On our Linux box a job that runs every 5 minutes extracted the new file from version control, then ran the flyway.sh file. It detected the file and executed it.
But the .sql file had a typo. And we are using Neteeza which has problems with flyway automatically wrapping a migration in a BEGIN TRAN ... END TRAN. So the migration created 2 tables, then aborted before the third.
No problem I thought. I dropped the 2 tables that the .sql file did create. Checked V4__ out of version control, fixed the typo and re-submitted it.

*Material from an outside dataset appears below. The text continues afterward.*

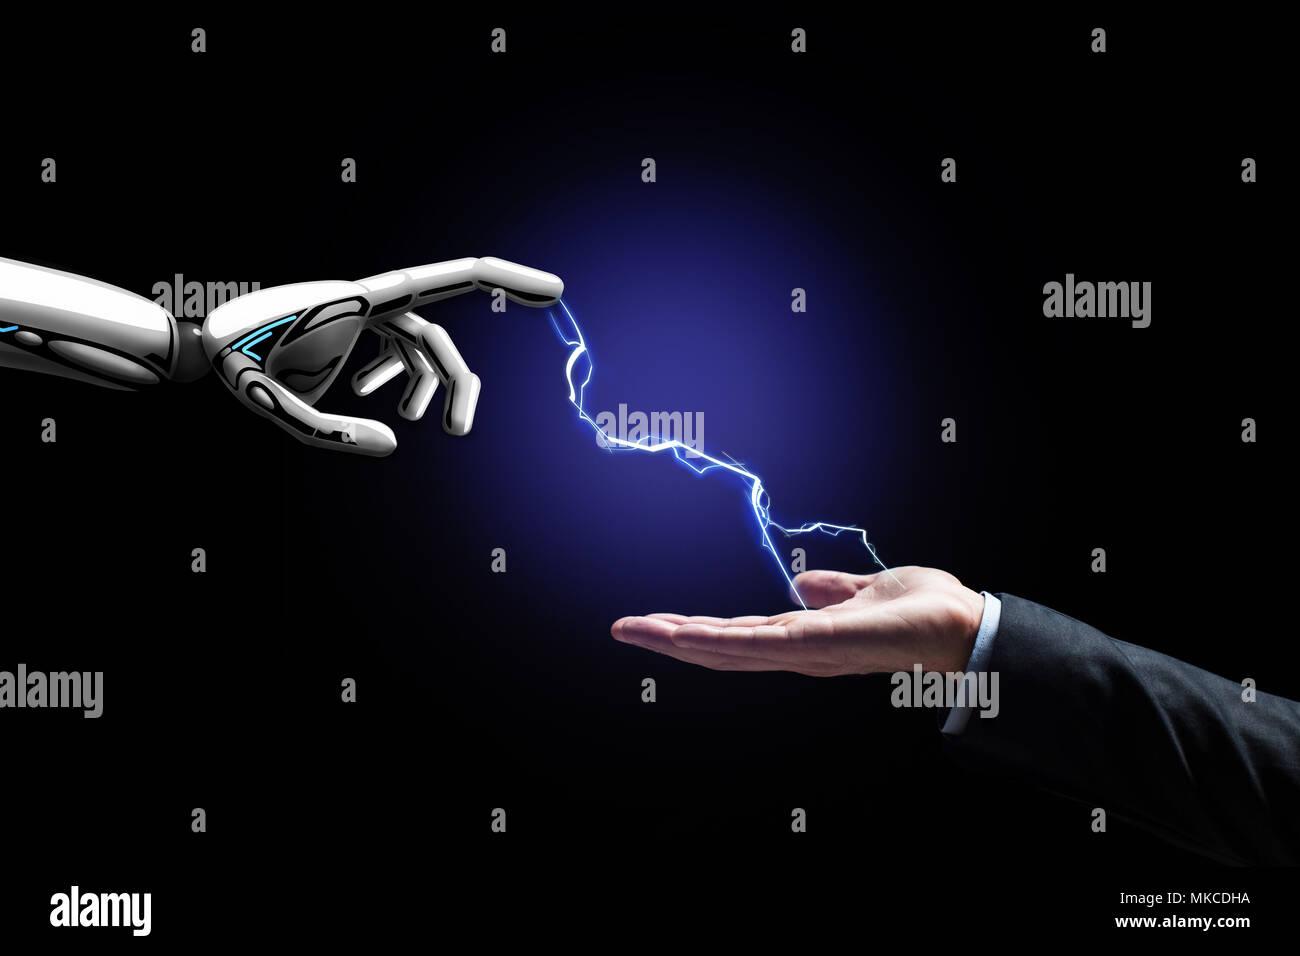 El robot y la mano humana conectados por un rayo Imagen De Stock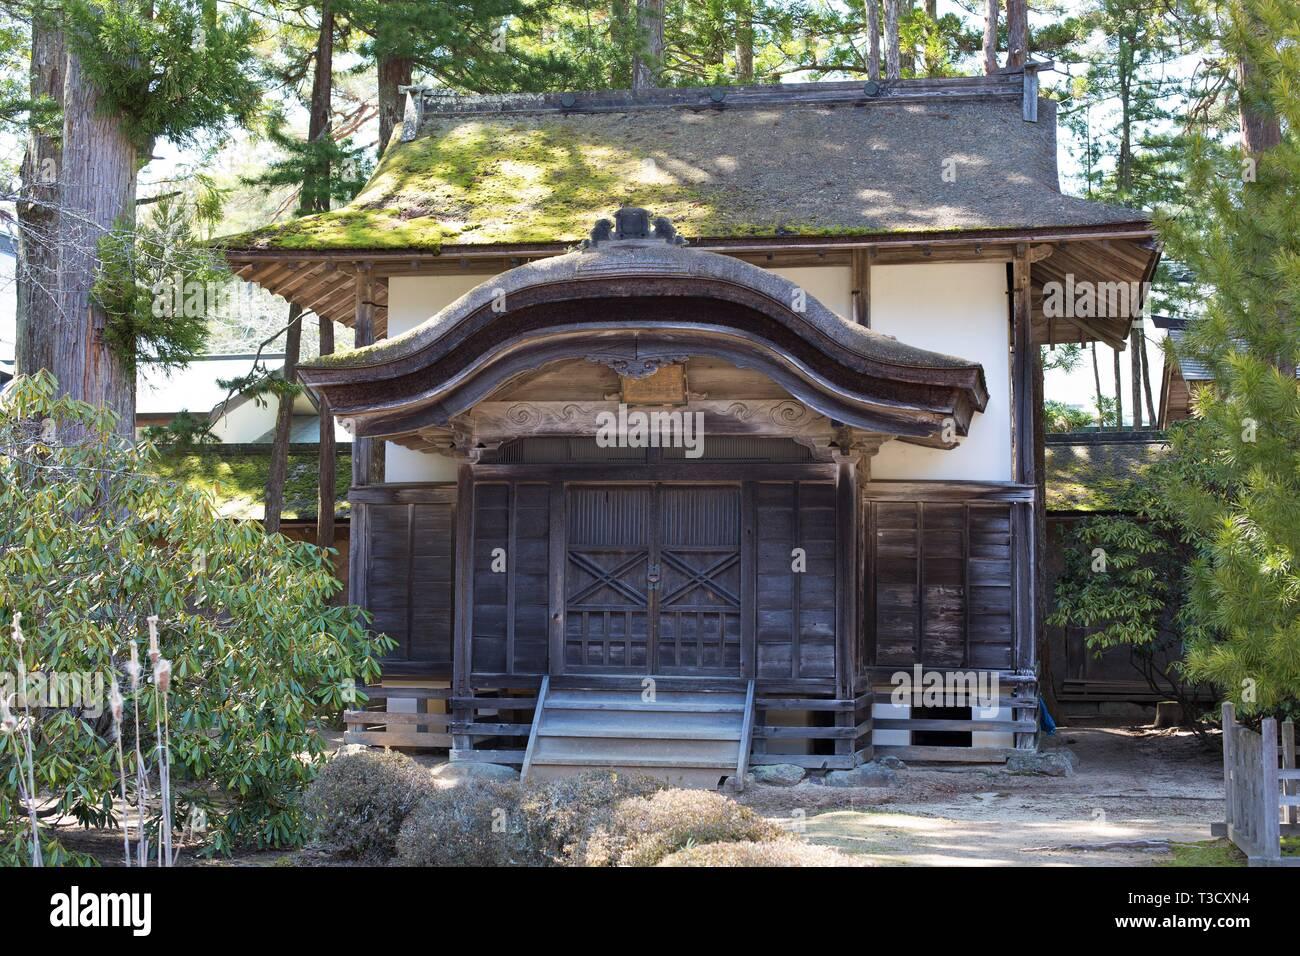 Depository of the Buddhist scriptures of Kongobuji, at Kongobuji temple in Koyasan, Japan. - Stock Image

Five minutes later the update was extracted but flyway complains that the checksum does not match. So it will NOT run the updated V4__DemoTables.sql file.
How do I get flyway to accept the updated file and update the checksum in the SCHEMA_VERSION file in case of a typo?
Reading the docs it seems like the developers suggest I should have created a new V4_1_DemoTables.sql file with the fix's. But this would have collided with the commands in the V4__ file so this seemed wrong.
So here is what the docs imply I need to do:
Leave V4__ as a 'successful' migration according to the
SCHEMA_VERSION table.
Create V4_1_ to delete the tables that were created before the typo
line in V4__.
Create V4_2_ which has the typo fix from the original file to do all
the real work.
Is this correct?
If the migration completes successfully, but some of the db objects are not quite right yet (typo in column name, ...), do as you said and push a follow-up script that fixes it (rename column, ...).
If the migration fails, and it didn't run on a DB with DDL transaction, the DB must be cleaned manually. This means:
Reverting the effects of the migration on the DB
Removing the version from the SCHEMA_VERSION table and marking the previous one as current
This second step will be automated in the future with the introduction of the flyway.repair() command.